Jamie O’Rourke lived in a Brooklyn row house on a street of Brooklyn row houses, drab, featureless, decaying like a dead body in a warm room. Reardon had seen these neighborhoods before, always feeling that somehow an immense and secret crime had been committed against the residents. They lived like citizens of a besieged city, in constant dread of invasion by any people different from themselves – non-Catholics, nonwhites, both, anything.
He climbed the steps to the door of O’Rourke’s house and rang the bell. He heard slight movements within the house but no one came to the door. He rang again.
This time the door opened. “If you’re a Jehovah’s Witness selling God, I ain’t buying none,” said a man dressed in dark-blue pants and a T-shirt, a bathroom towel wrapped loosely around his neck.
Reardon showed his gold shield. “My name is Reardon,” he said.
“What do you want?” the man asked harshly.

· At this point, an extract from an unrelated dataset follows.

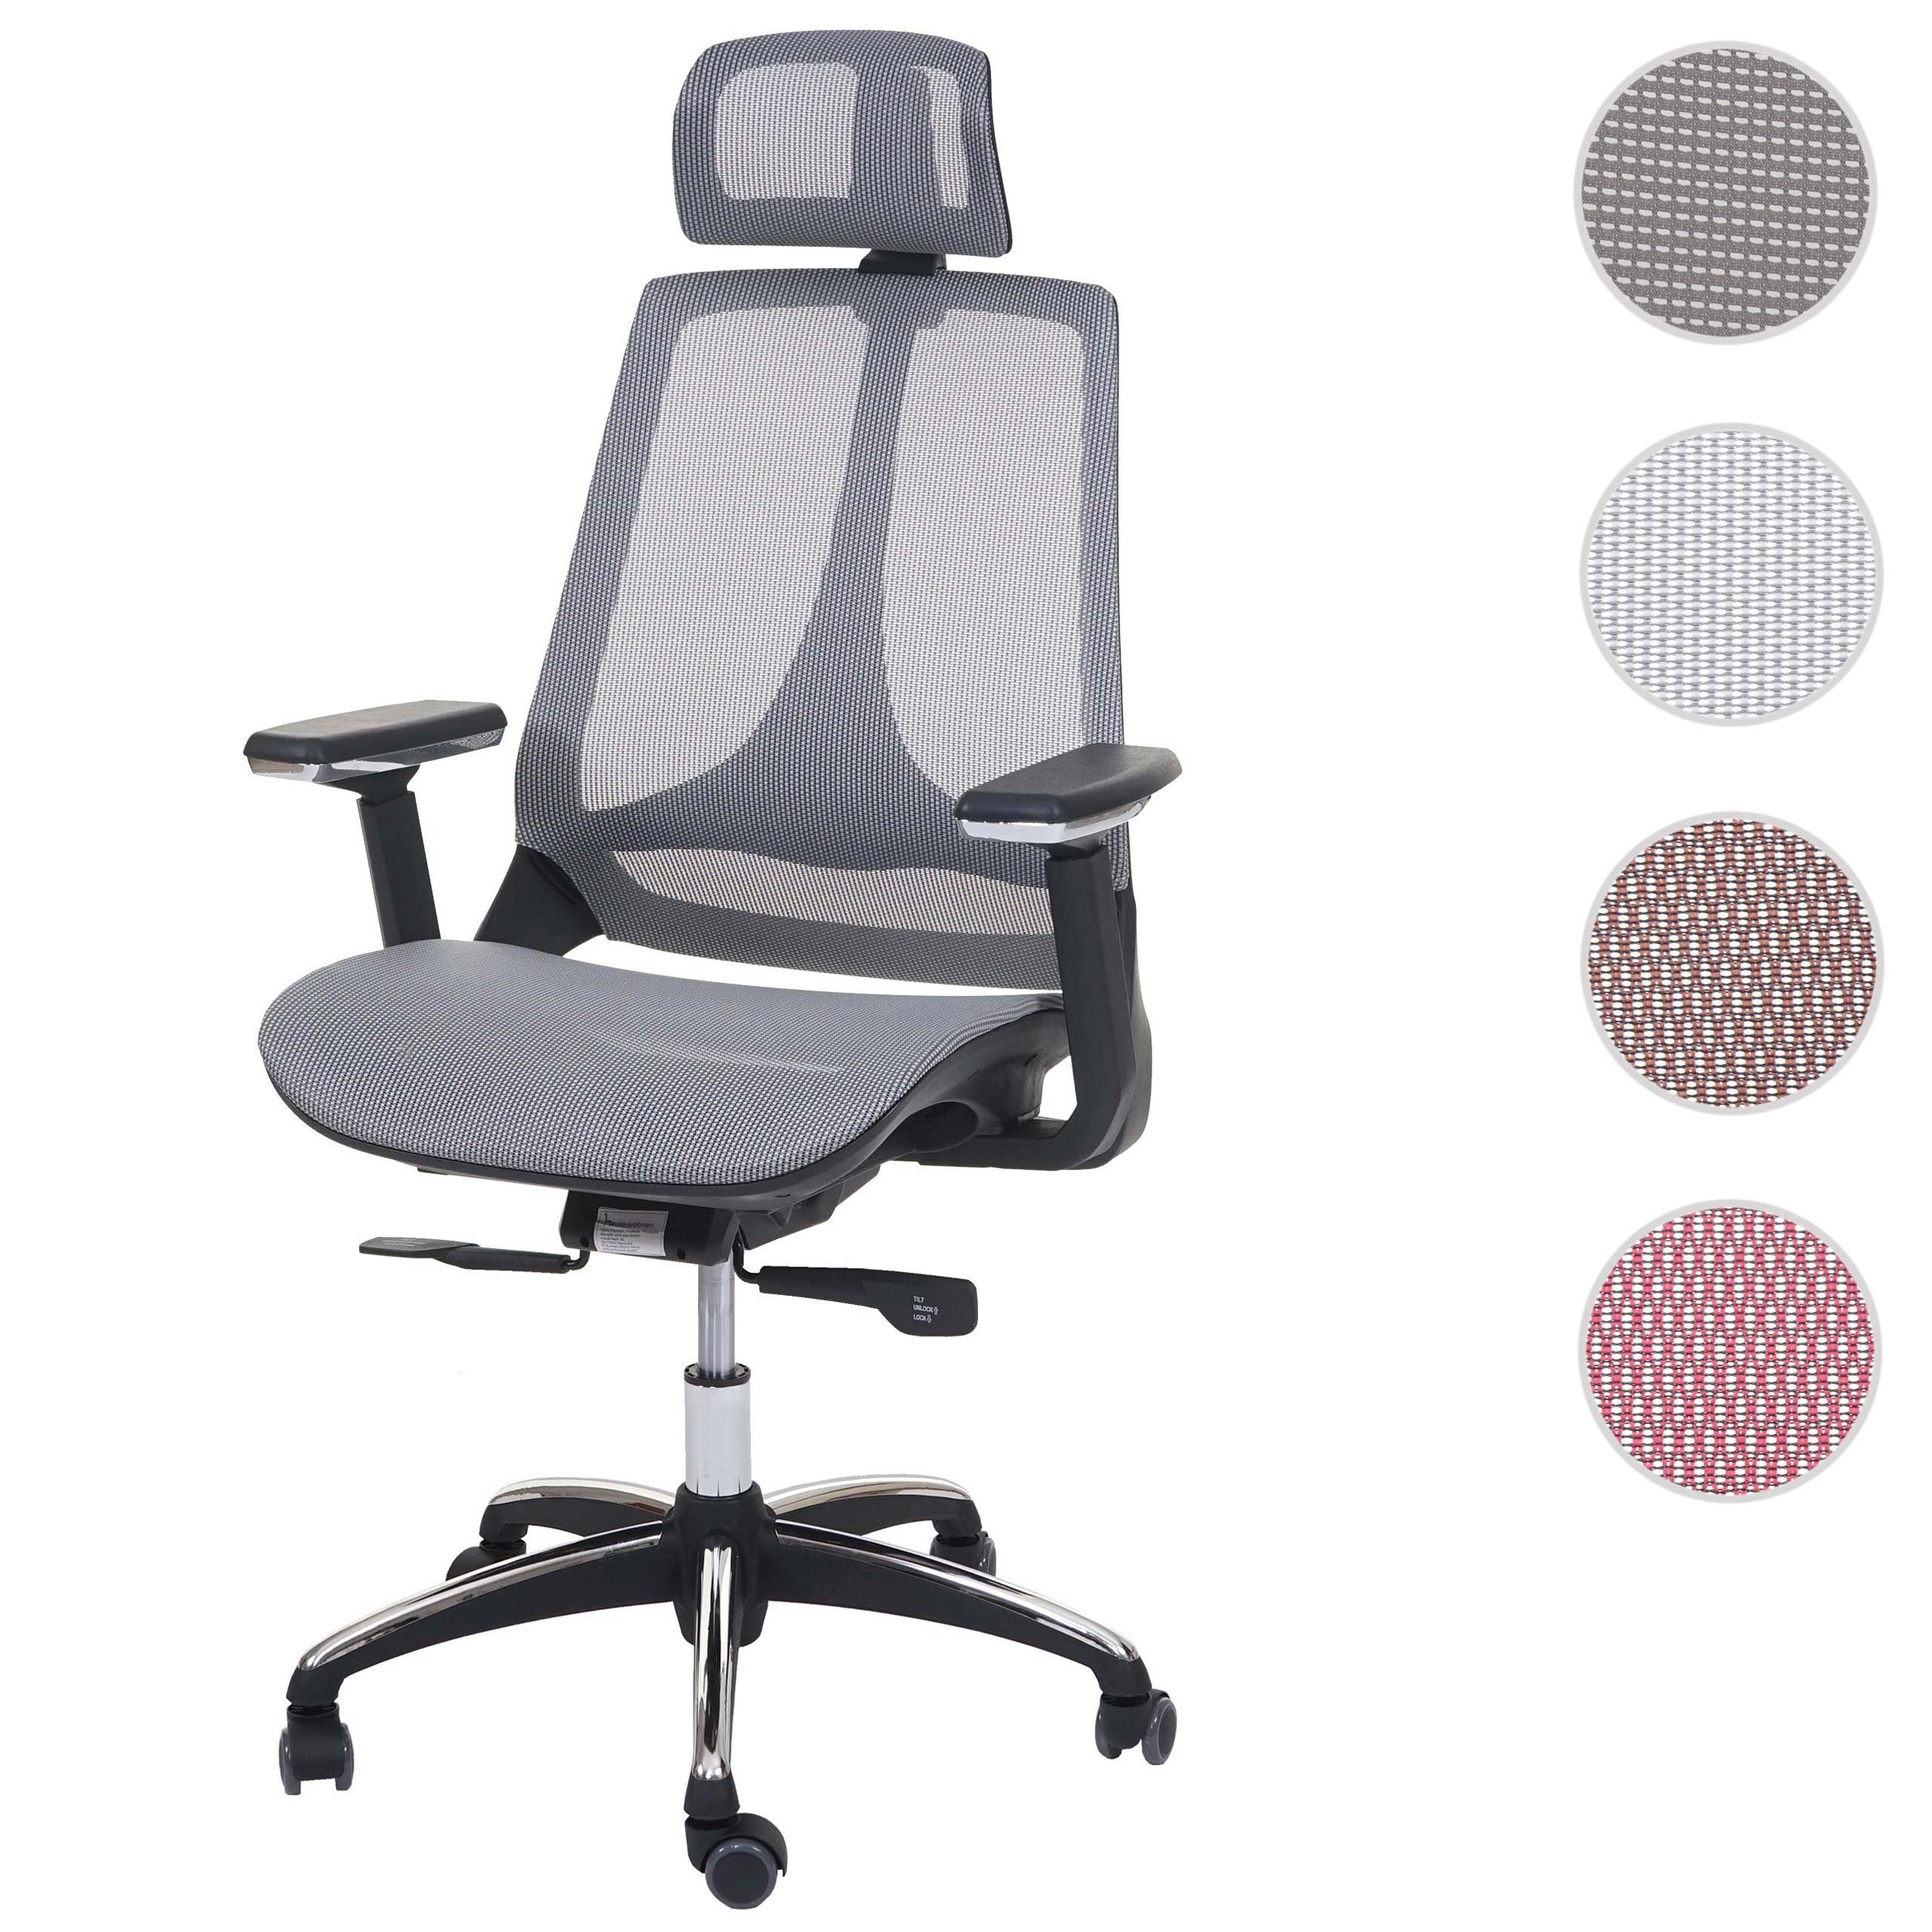 MCW Schreibtischstuhl MCW-A59, Höhenverstellbare Sitzfläche Kopfstütze, tiefenverstellbare grau

He swabbed the back of his neck with the towel and looked suspiciously at Reardon.
“Are you Jamie O’Rourke?” Reardon asked.
“That’s right.”
“I understand you were married to Patty McDonald.”
The man pulled the towel from around his neck and wiped his hands. “You think I killed her?”
“I’m trying to find out who did,” Reardon said.
“I don’t know nothing about her,” O’Rourke said sharply. “She run out on me a long time ago. I ain’t seen her.”
“You were at her funeral.”
O’Rourke looked at Reardon warily. “Well, I got a right to go to her funeral, don’t I? She was my wife.”
“I’m not here to cause you trouble,” Reardon said.
“I’m not afraid of trouble.”
“Well, maybe you wouldn’t mind talking to me about her then.”
O’Rourke wiped his face with the towel. “I was just shaving,” he said. “I got to go to work tonight.”
“It won’t take long.”
O’Rourke studied Reardon’s face, came to some conclusion about him, and opened the door wider. “Come on in then.”
Inside Reardon quietly viewed the disarray around him. The room was furnished with an overstuffed sofa and two chairs, a heavy coffee table and matching end table. The stuffing of the couch was easily visible through gaping rents in the fabric. The coffee table was spotted with water stains and scarred as if raked with a fork. Sheets of floral wallpaper barely hung from the walls, and leaks had caused yellowed paint to peel halfway across the ceiling. There were no curtains; the Venetian blinds which afforded some privacy hung askew from dirty windows. The only signs of habitation were old copies of the Daily News piled on chairs and the floor and four or five crushed Schlitz cans.